The closed center in Kansas City, Kansas, served the urban core, giving many expectant mothers a place within walking distance to give birth. Now, those mothers will have no choice but to travel farther and give birth at hospitals such as the University of Kansas Medical Center or Providence Medical Center.
Black and brown families, who make up about half the population in Wyandotte County, are more at risk when giving birth in the medical system. In Missouri, Black mothers die during or within a year of pregnancy at four times the rate white women do. In Kansas, according to a 2020 March of Dimes report, women in minority groups die during or within a year of pregnancy at twice the rate as white women.
Nationally, premiums are rising for midwives. Cynthia Flynn, a birth center owner in Washington, D.C., and a former president of the American Association of Birth Centers, said midwives all over the country are having to close their businesses because of rising premiums.
It’s a repeat of the 1980s, she said, when malpractice insurance was so unaffordable for midwives as to be out of reach. A 1986 University of Pennsylvania Law Review article said such crises, though common, were unwarranted for midwives, who tend to face fewer liability claims than obstetricians.
Decades later, not much has changed. A 2009 study showed that 32% of certified nurse midwives had been sued for malpractice.
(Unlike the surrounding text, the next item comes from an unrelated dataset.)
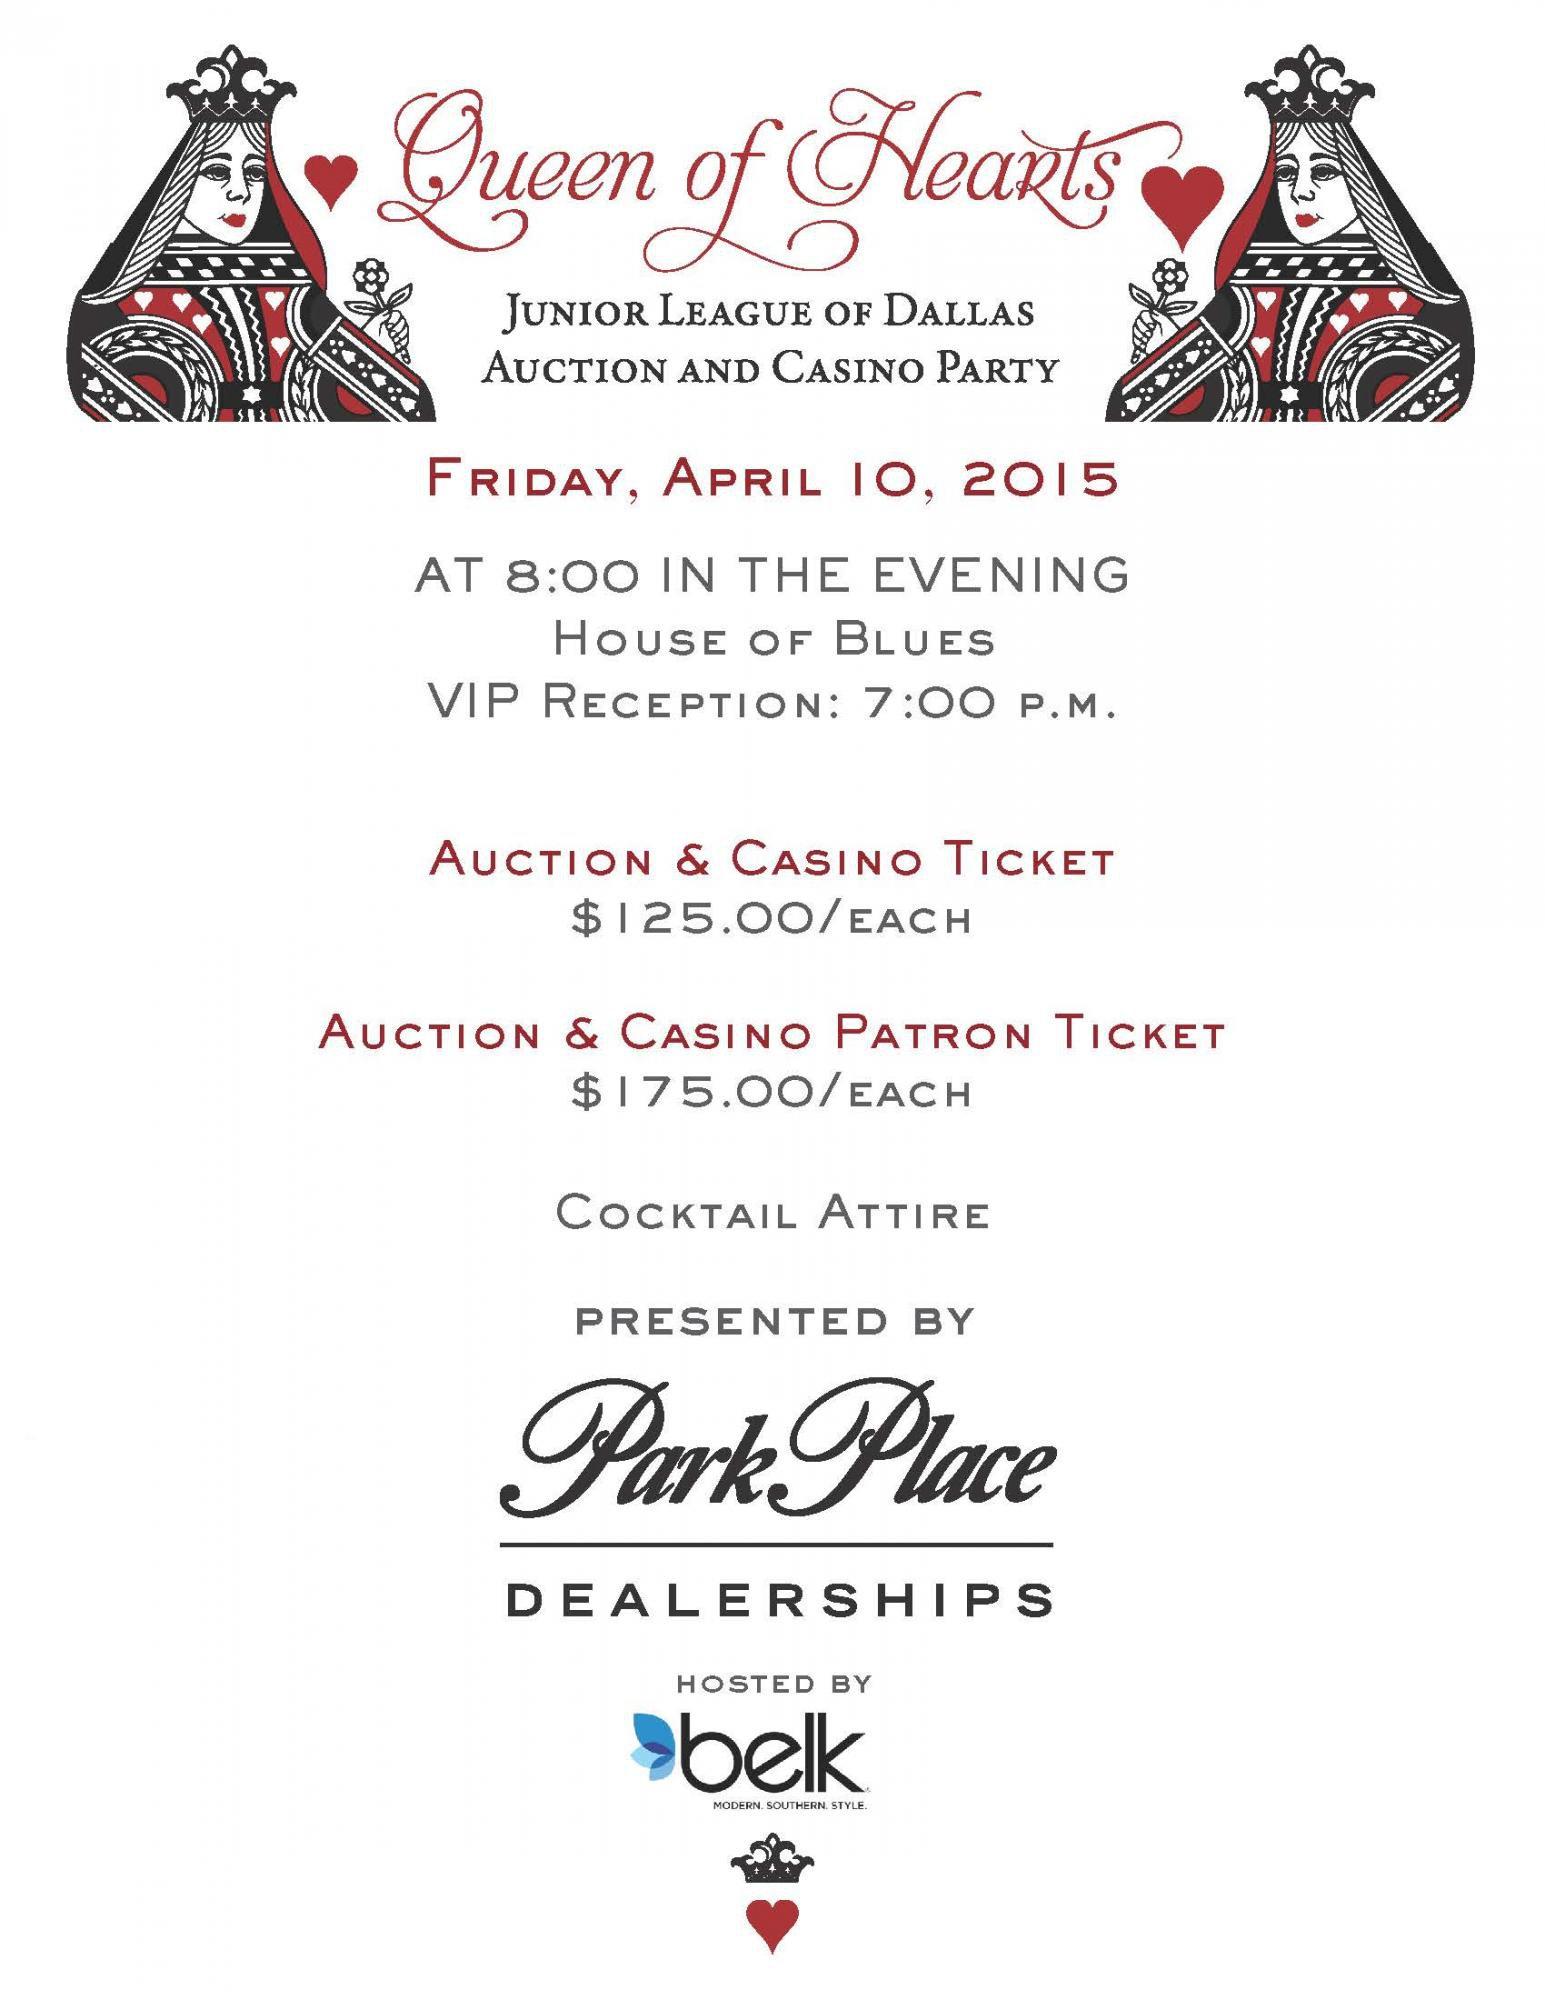 Jld auction x26 casino party casino carte maestro

By contrast, another study showed 91% of obstetricians faced liability claims the same year.
“The medical model is not the answer,” Wyatt said. “Health and wellness and physiologic birth and midwifery is the answer. But try telling that to an actuary who sits at an insurance building.”
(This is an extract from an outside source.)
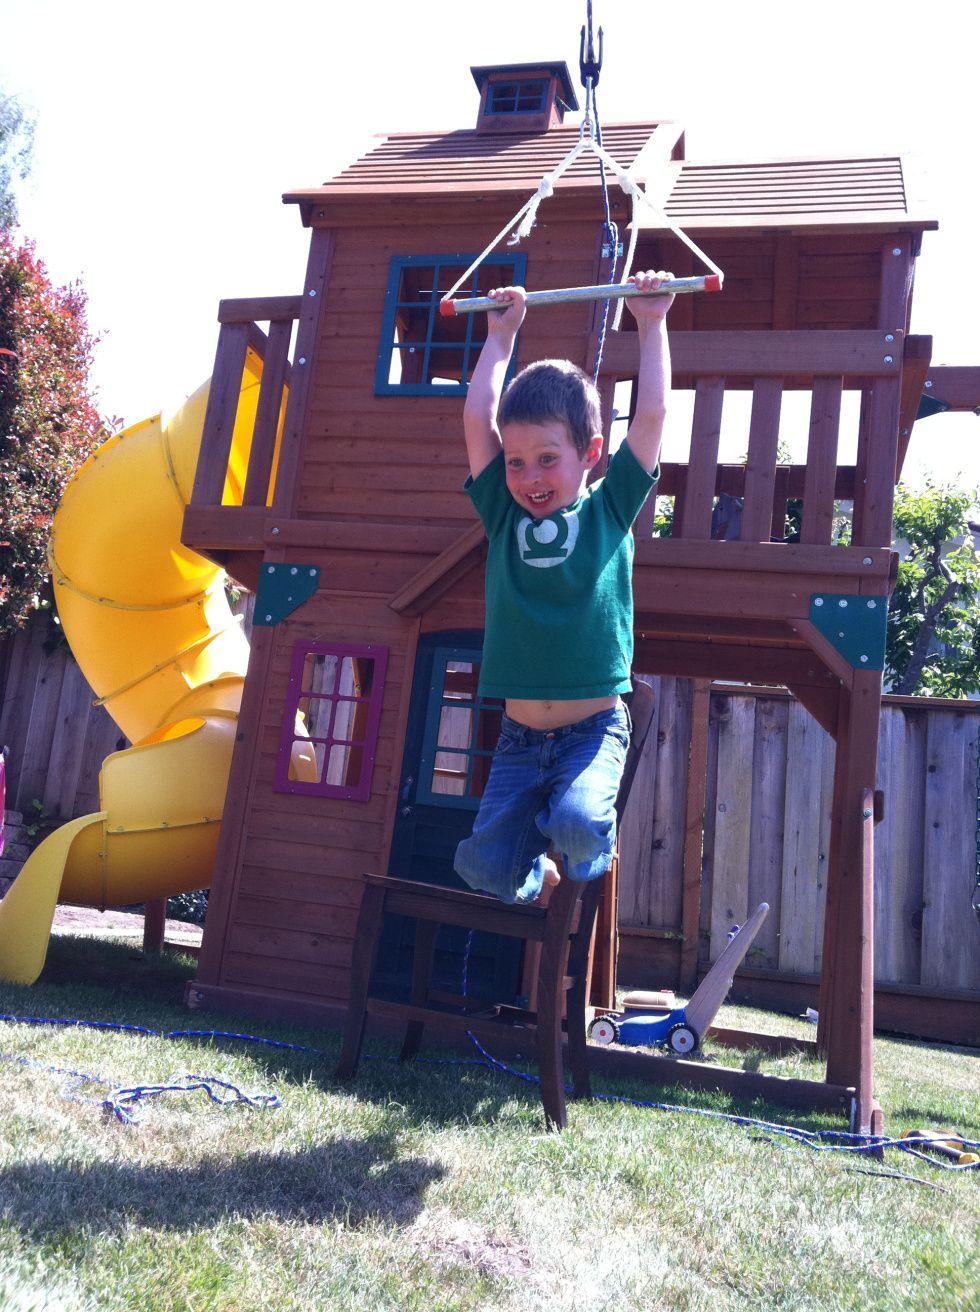 DIY Dorkdad | Zip line backyard

It all comes down to midwives’ sense that they are undervalued.
“What it really gets down to, if you want to think of it this way, is we — midwives and birth centers — are not paid for what we do,” Flynn said.
A 2014 American College of Nurse Midwives survey found that 50% of insurance plans don’t pay midwives the same as physicians for performing the same service. Transfers (emergency transfer of a mother to a hospital), which one 2014 study said occurs from 10% to 32% of the time, cost midwives money and make insurance companies flighty about covering midwives.
“For the higher quality, you expect to pay more money. It's not that way in maternity care,” Flynn said. “We do produce significantly better outcomes, but we get paid actually less.”
Wyatt said she’ll be asking mothers and midwives to attend legislative sessions in September to lobby for change. In the 1980s, midwives lobbied for a Senate bill that would have allowed them to self-insure. Insurance companies responded by forming an insurance consortium for nurse-midwives.
It’s a multifaceted national problem, Wyatt said, but it’s something midwives can start solving here in Kansas.
“The reality is we have as much of a chance to solve this and prove it in Kansas City as anywhere else,” Wyatt said.